Dans le Programme d'entrainement cérébral, il s'agit de définir l'âge mental du « joueur », une notion que nombre de scientifiques tendent à relativiser. Dans Cérébrale Académie, un pas supplémentaire est franchi : le logiciel ne propose rien moins que déterminer la masse de l'encéphale du joueur – au gramme près. Sous couvert d'amusement et de graphismes chatoyants, Nintendo ressuscite les lunes scientistes et eugénistes des « savants » du XIXe siècle. Ceux qui, comme Samuel George Morton, ou le français Paul Broca, voulaient établir un lien de causalité entre masse cérébrale et facultés mentales, et qui au passage élaboraient une hierarchie honteuse entre les races, et asseyaient outrageusement la « supériorité » des hommes sur les femmes.

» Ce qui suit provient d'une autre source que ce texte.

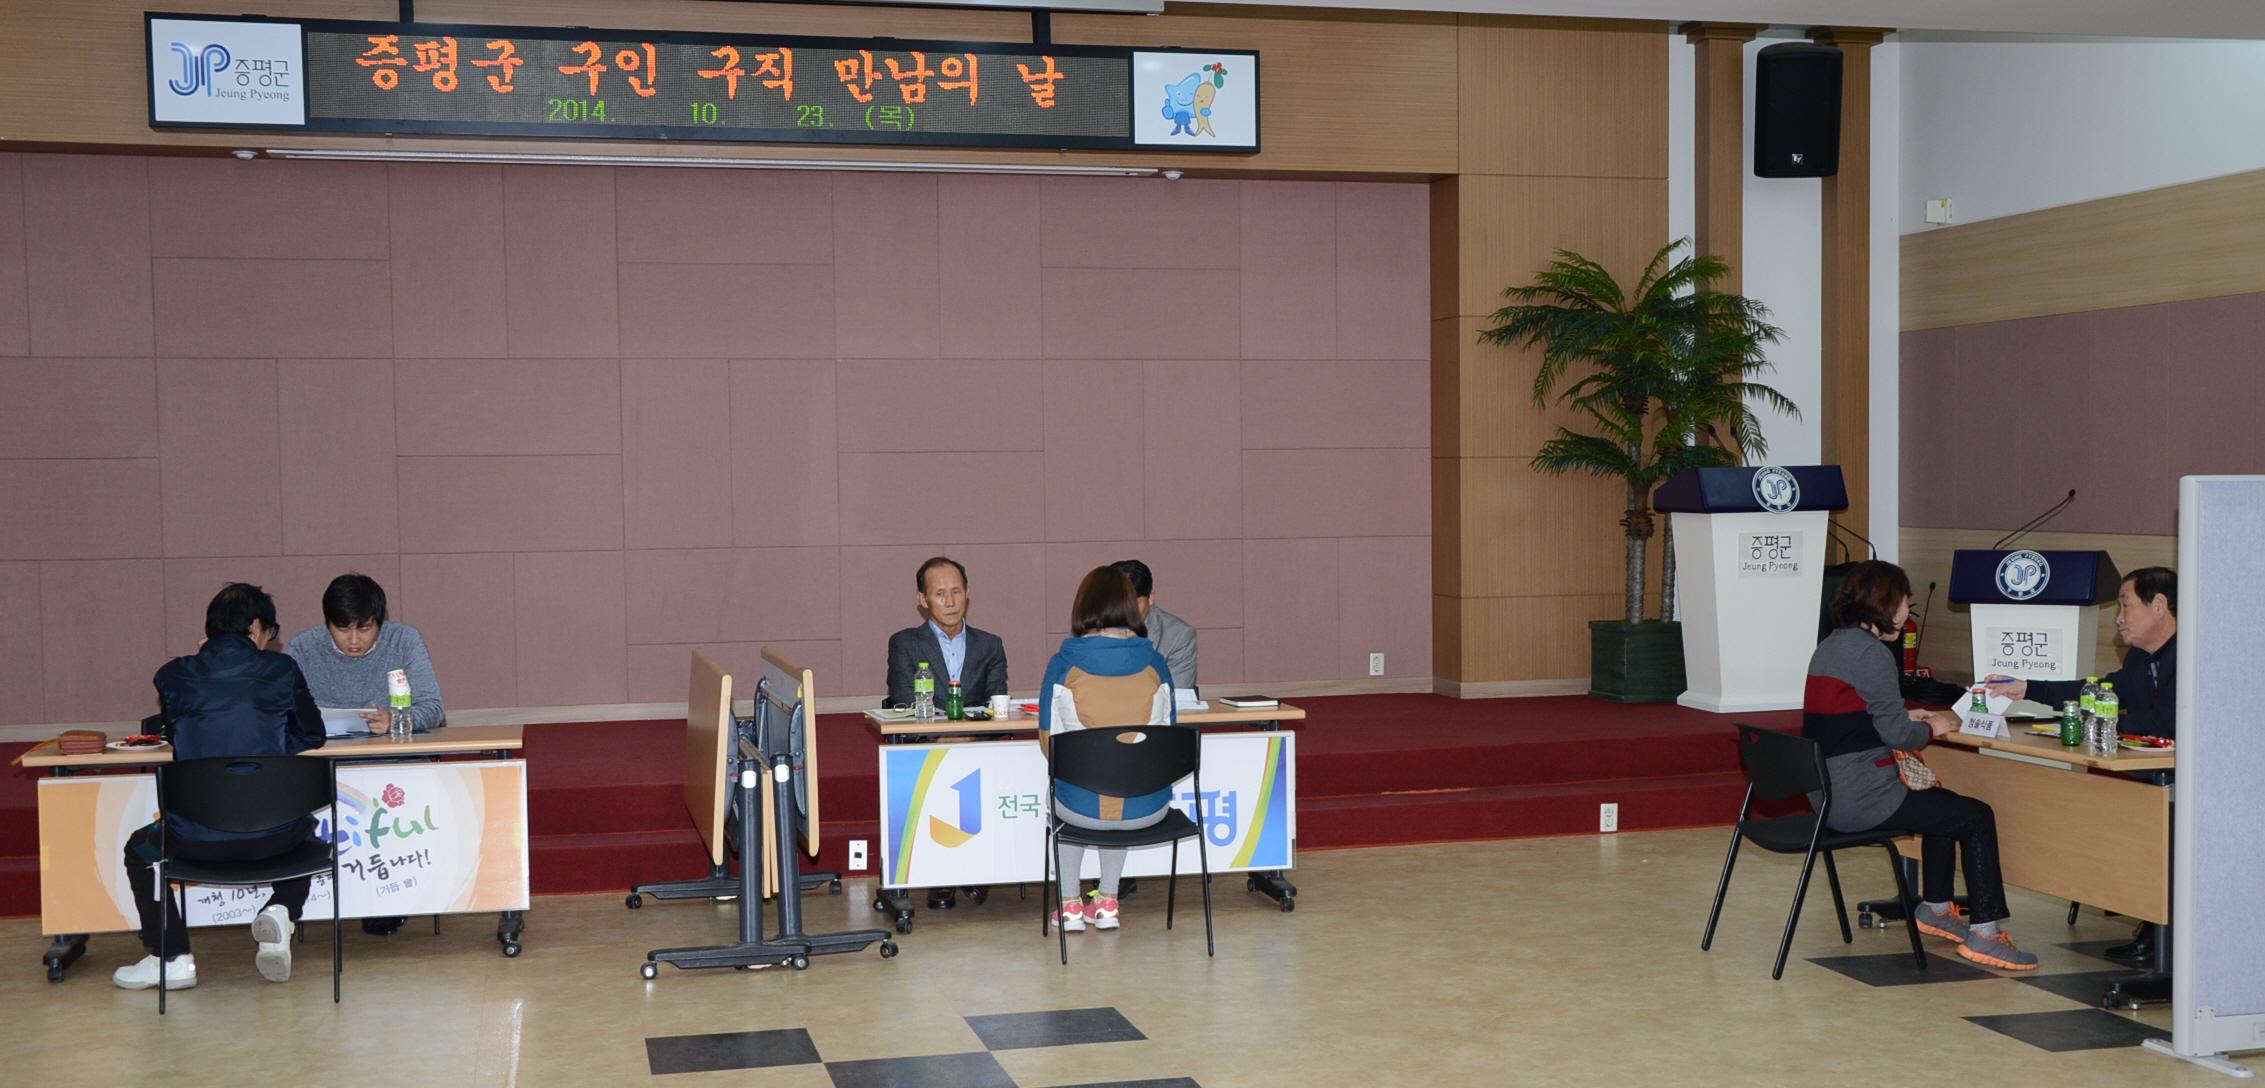 구인구직 만남의 날 행사 개최 [이미지]
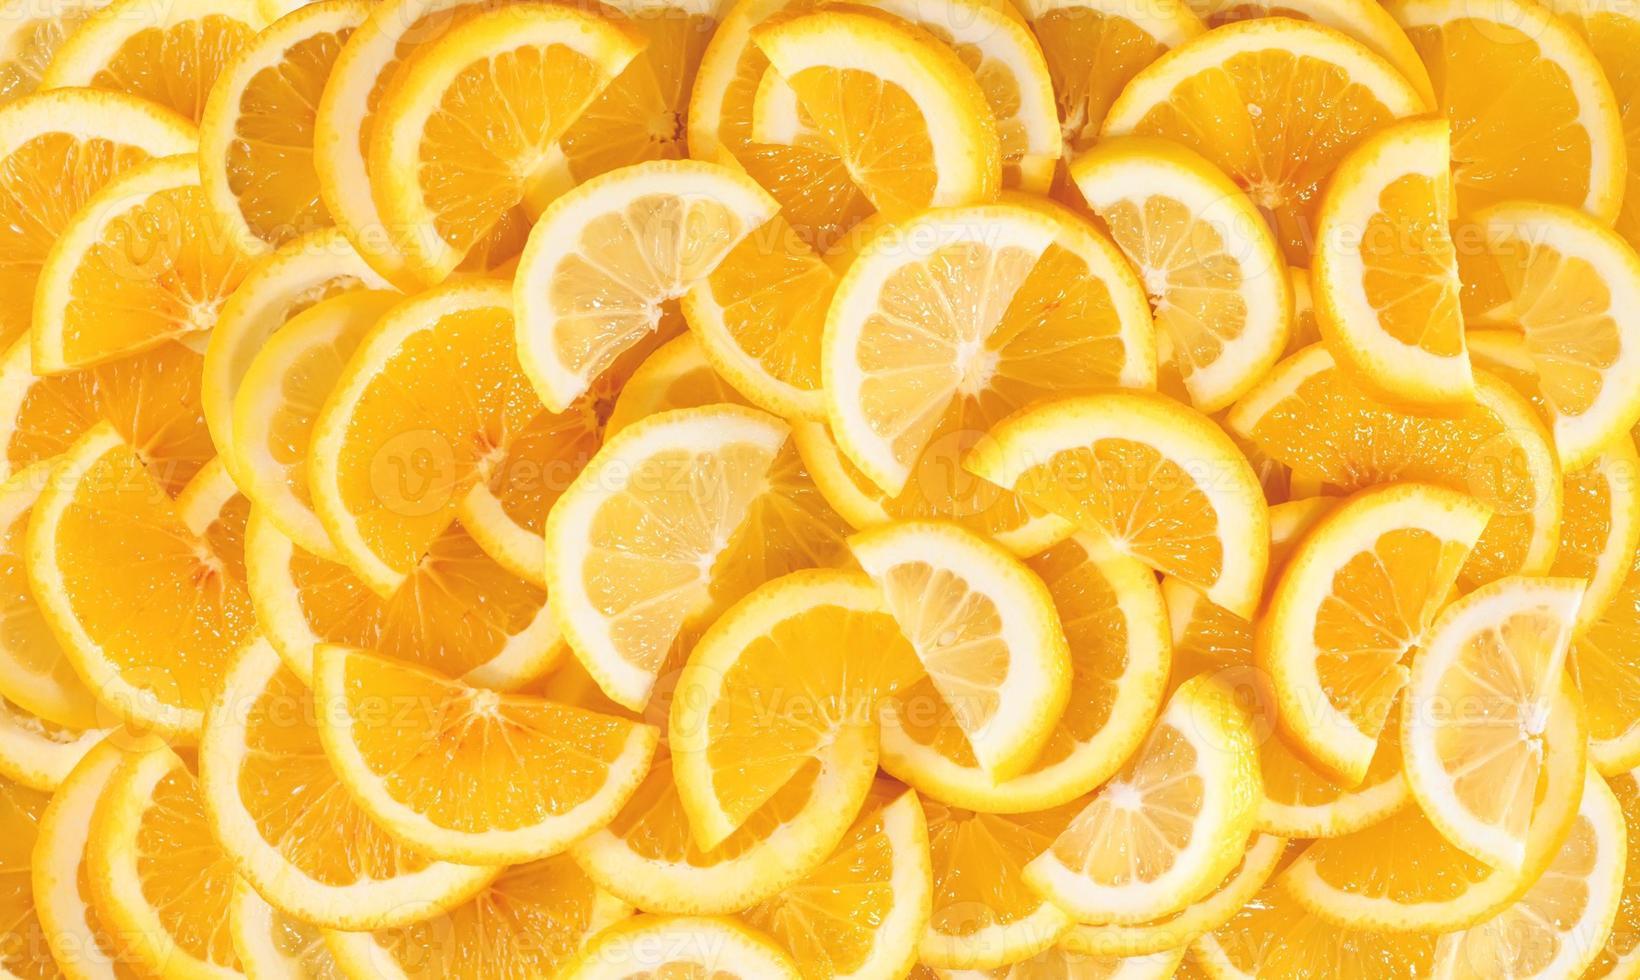 Fresh lemon slices background photo

« La masse de l’encéphale est plus considérable chez l’adulte que chez le vieillard, chez l’homme que chez la femme, chez les hommes éminents que chez les médiocres, et chez les races supérieures que chez les races inférieures (…) Toutes choses égales d’ailleurs, il y a un rapport remarquable entre le développement de l’intelligence et le volume du cerveau » (Broca, 1861)


De récentes études balaient pourtant ces préjugés. L'efficience du cerveau n'est pas due à sa taille, ni même au nombre des neurones, mais à l'action d'un certain type de cellules, les astrocytes 


Il n'en demeure pas moins que d'un point du point de vue vidéoludique, la transformation du divertissement en test est une tendance lourde. Le joueur devient de plus en plus un cobaye, dans des genres de plus en plus inattendus. Dans l'article Du Pad aux neurones (in Joypad juin 2006), l'auteur analyse les caractéristiques de ce qu'il appelle le « Psycho Gaming ». Il est vrai qu'une seconde lecture de GTA : San Andreas est pertinente, lorsque l'on regarde défiler l'ensemble de ces actions : nombre de kilomètres parcourus, civils tués, arme de prédilection... La machine livre les chiffres à l'état brut, laissant le joueur sans interprétation. Ce silence est toutefois plus salutaire que ce pseudo avis médical proposé par Nintendo. Car, dans le cas précis du titre de Rockstar, l'analyse scientifique porte sur ce que le joueur a fait durant sa partie, et non pas sur ce qu'il est, ou pourrait être.

Publié dans Modes

Commenter cet article

Tchuq 21/08/2007 21:04

Donner autant d'importance au type de score obtenu dans "Cérébrale Académie" au regard de l'ambiance qui y règne est un peu exagéré... Il faut juste y voir un moyen de faire apparaître un score plus parlant qu'un "Bravo, vous avez 11 436 points!".Il est bien entendu que la masse du cerveau ne signifie rien dans la réalité, et évidemment encore moins ici puisqu'elle n'est qu'une illustration ludique du score réalisé par le joueur.Je tiendrais plus ou moins le même raisonnement pour la série des "Programme d'entraînement cérébral", où l'âge du cerveau est un moyen extrêmement parlant d'exprimer les performances et progrès réalisés par le joueur. Dans ce cas là, la réserve vient plutôt de la communication réalisée par Nintendo sur ce titre, à grands coups de publi-reportages dans les hebdomadaires à grand tirage, et appuyant "scientifiquement" les "bienfaits" de suivre l'entraînement cérébral.D'un strict point de vue ludique, la chose se défend (le fait de voir son supposé âge cérébral diminuer) : Au même titre que dans n'importe quel jeu, voire n'importe quelle discipline, plus on pratique et plus on progresse. On sait aujourd'hui que la pratique des jeux vidéos peut améliorer acuité visuelle et réflexes, le programme d'entraînement cérébral ne fait que matérialiser les effets bénéfiques que n'importe quel shoot'em up pourrait avoir.